Task details: Your task is to copy exactly the lines from the line containing "Bác Sĩ Riêng" through the end of the listing below, with pictures left out.

Supplied material:
------------------------------------------------------------
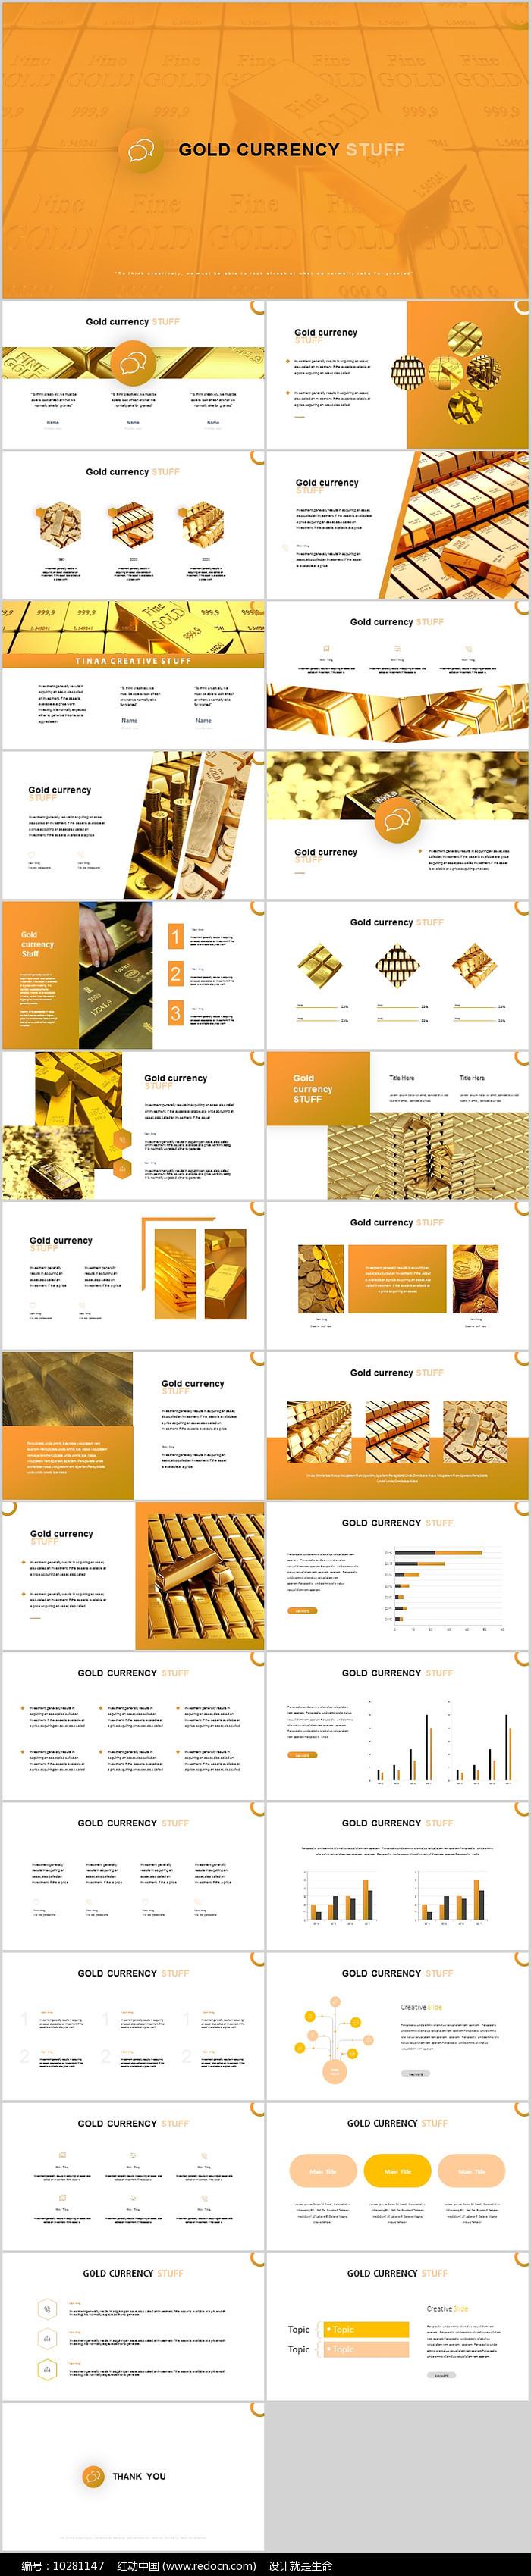 橙色金融黄金世界货币PPT模板图片
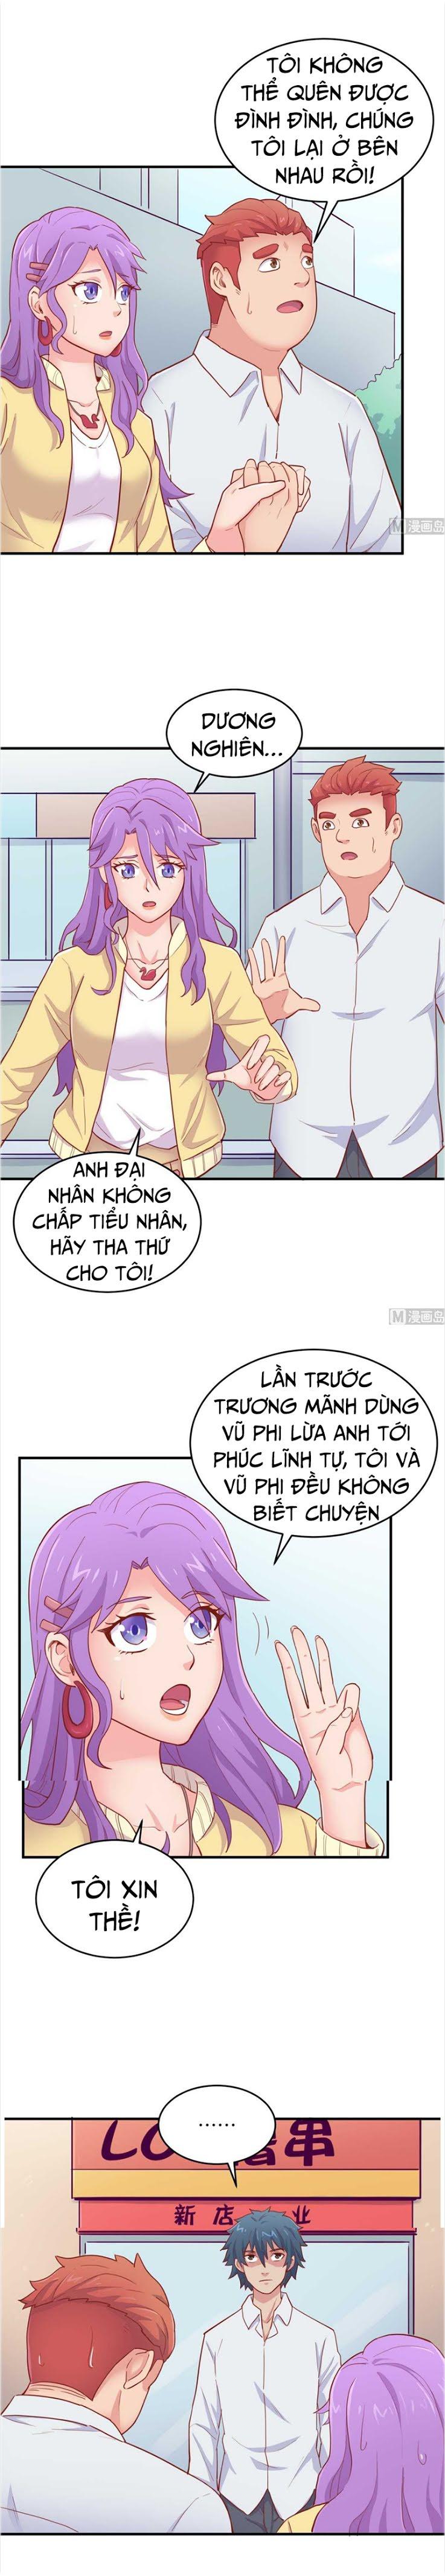 Bác Sĩ Riêng Của Nữ Thần Chapter 63 video - truyenmh.com
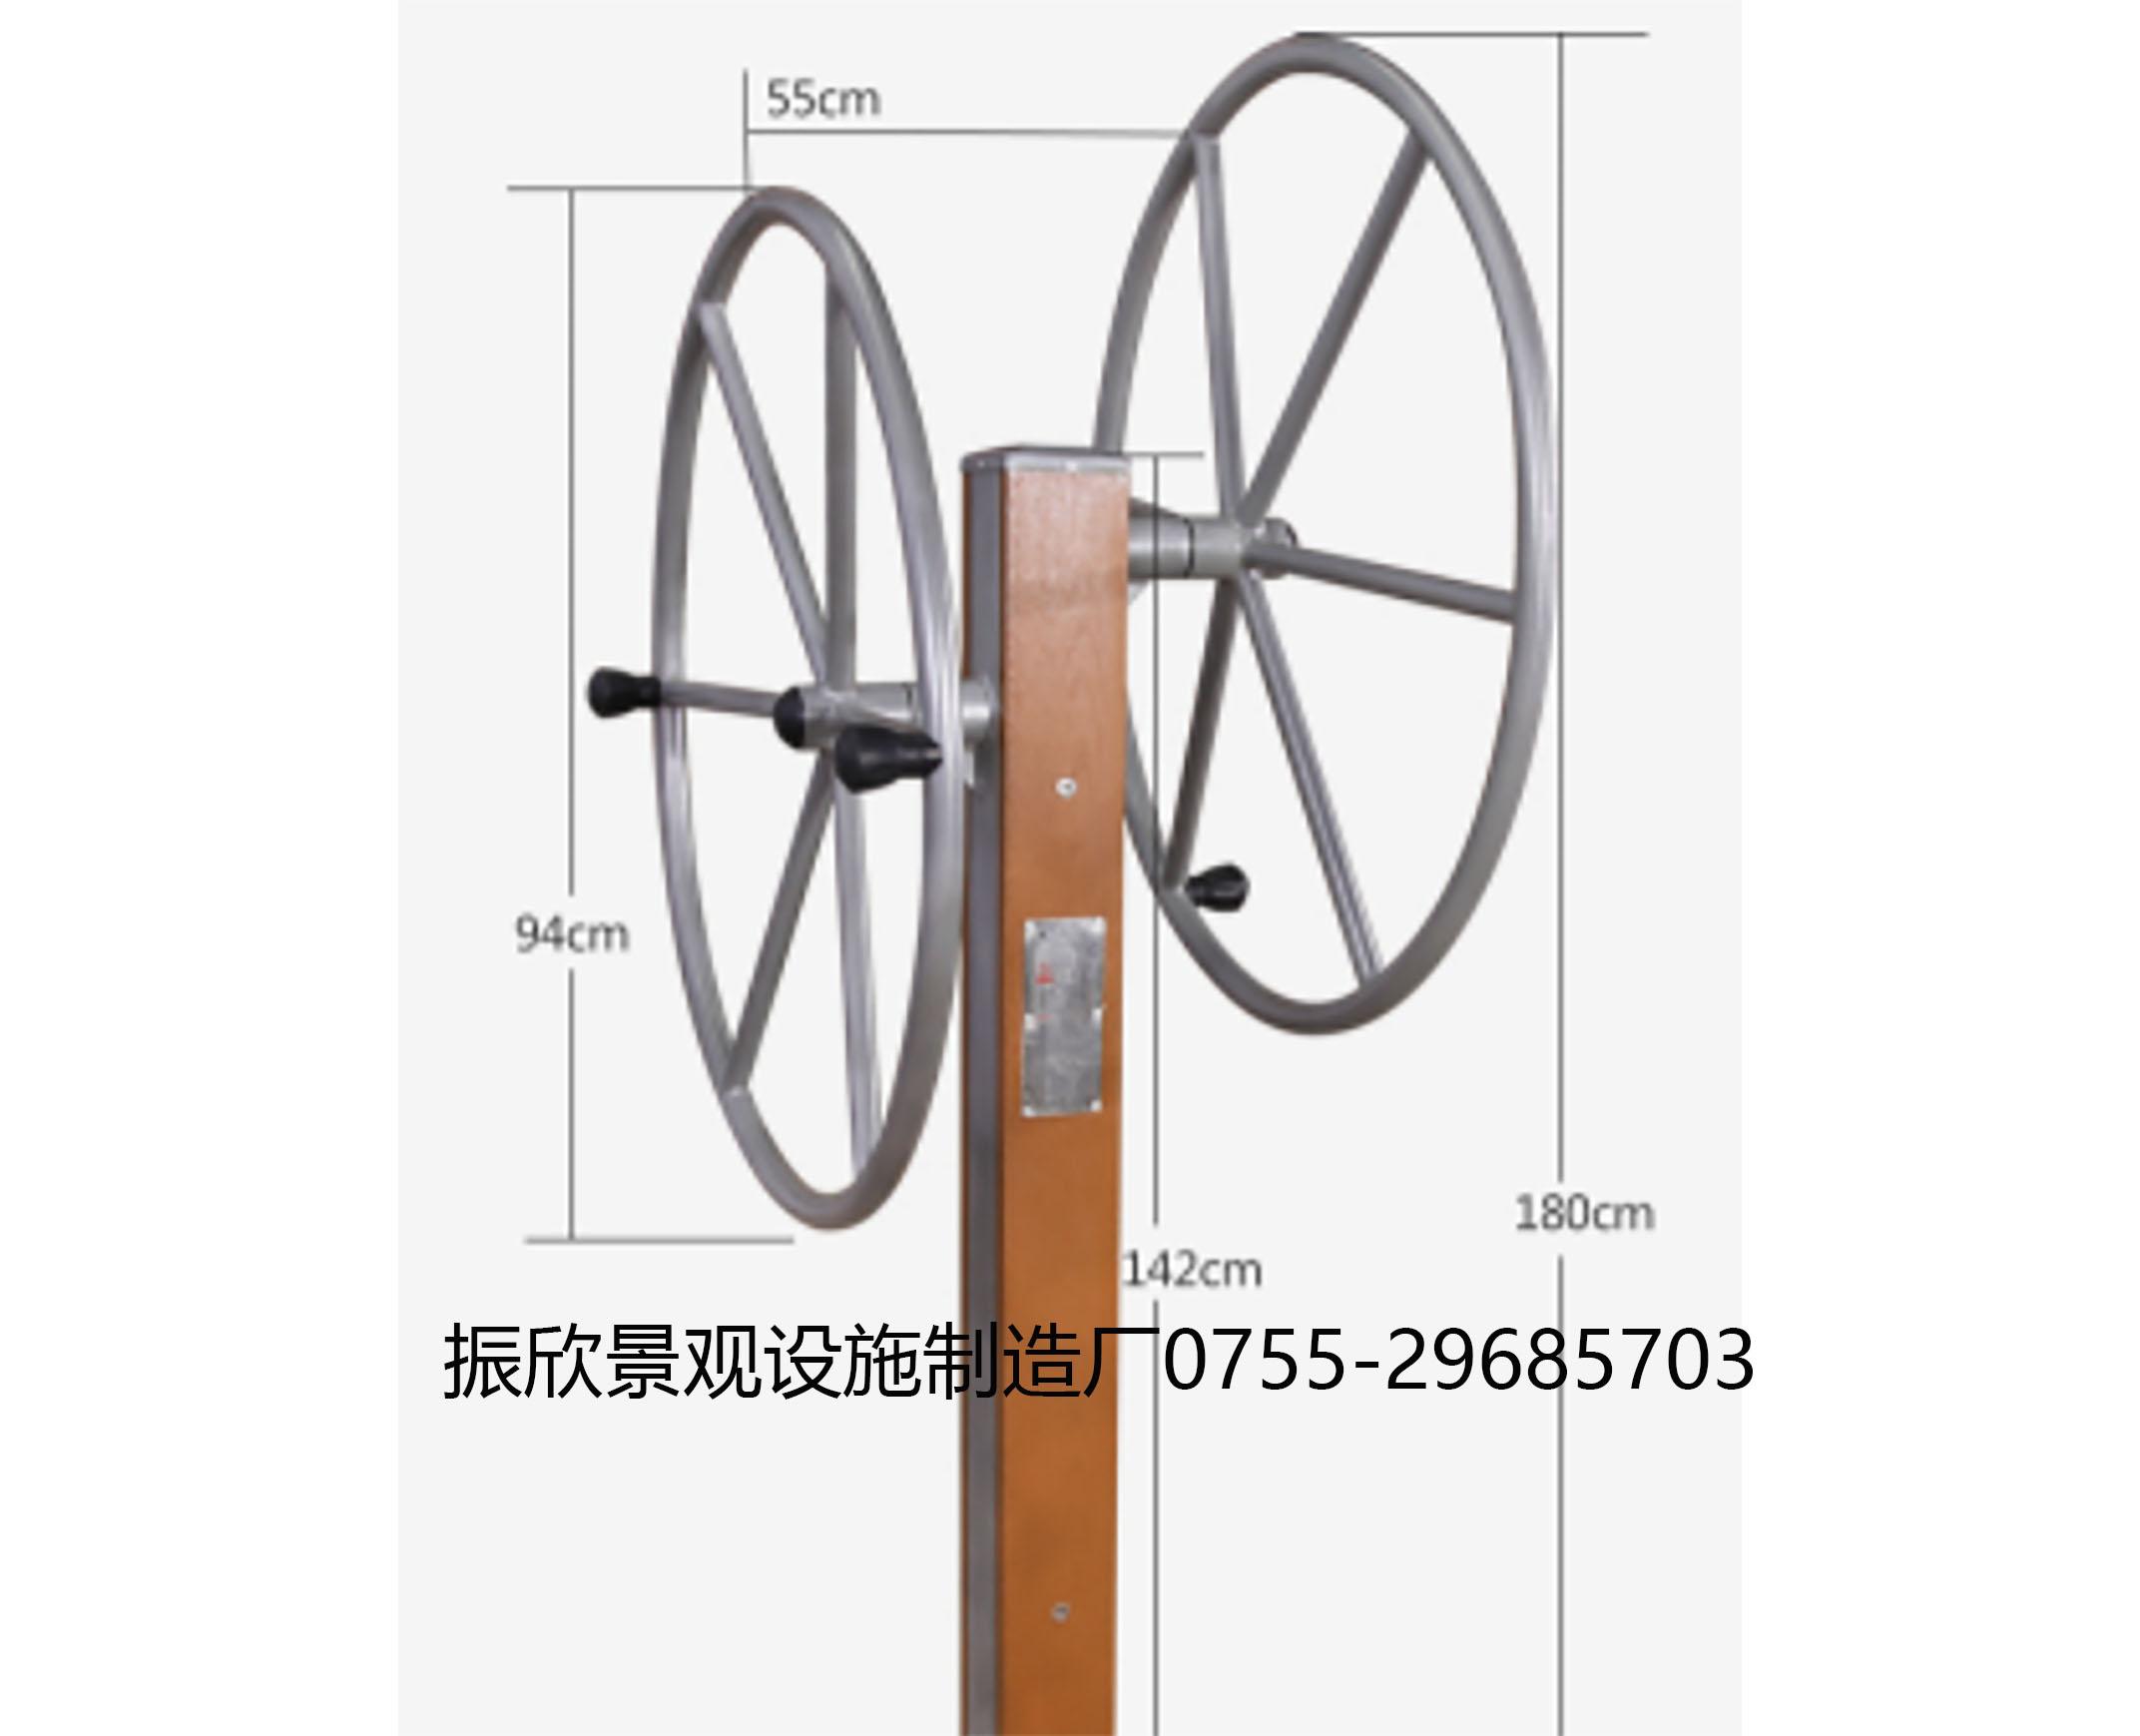 雙人大轉輪(lun)健(jian)身器
------------------------------------------------------------
Reply:
 Bác Sĩ Riêng Của Nữ Thần Chapter 63 video - truyenmh.com
 雙人大轉輪(lun)健(jian)身器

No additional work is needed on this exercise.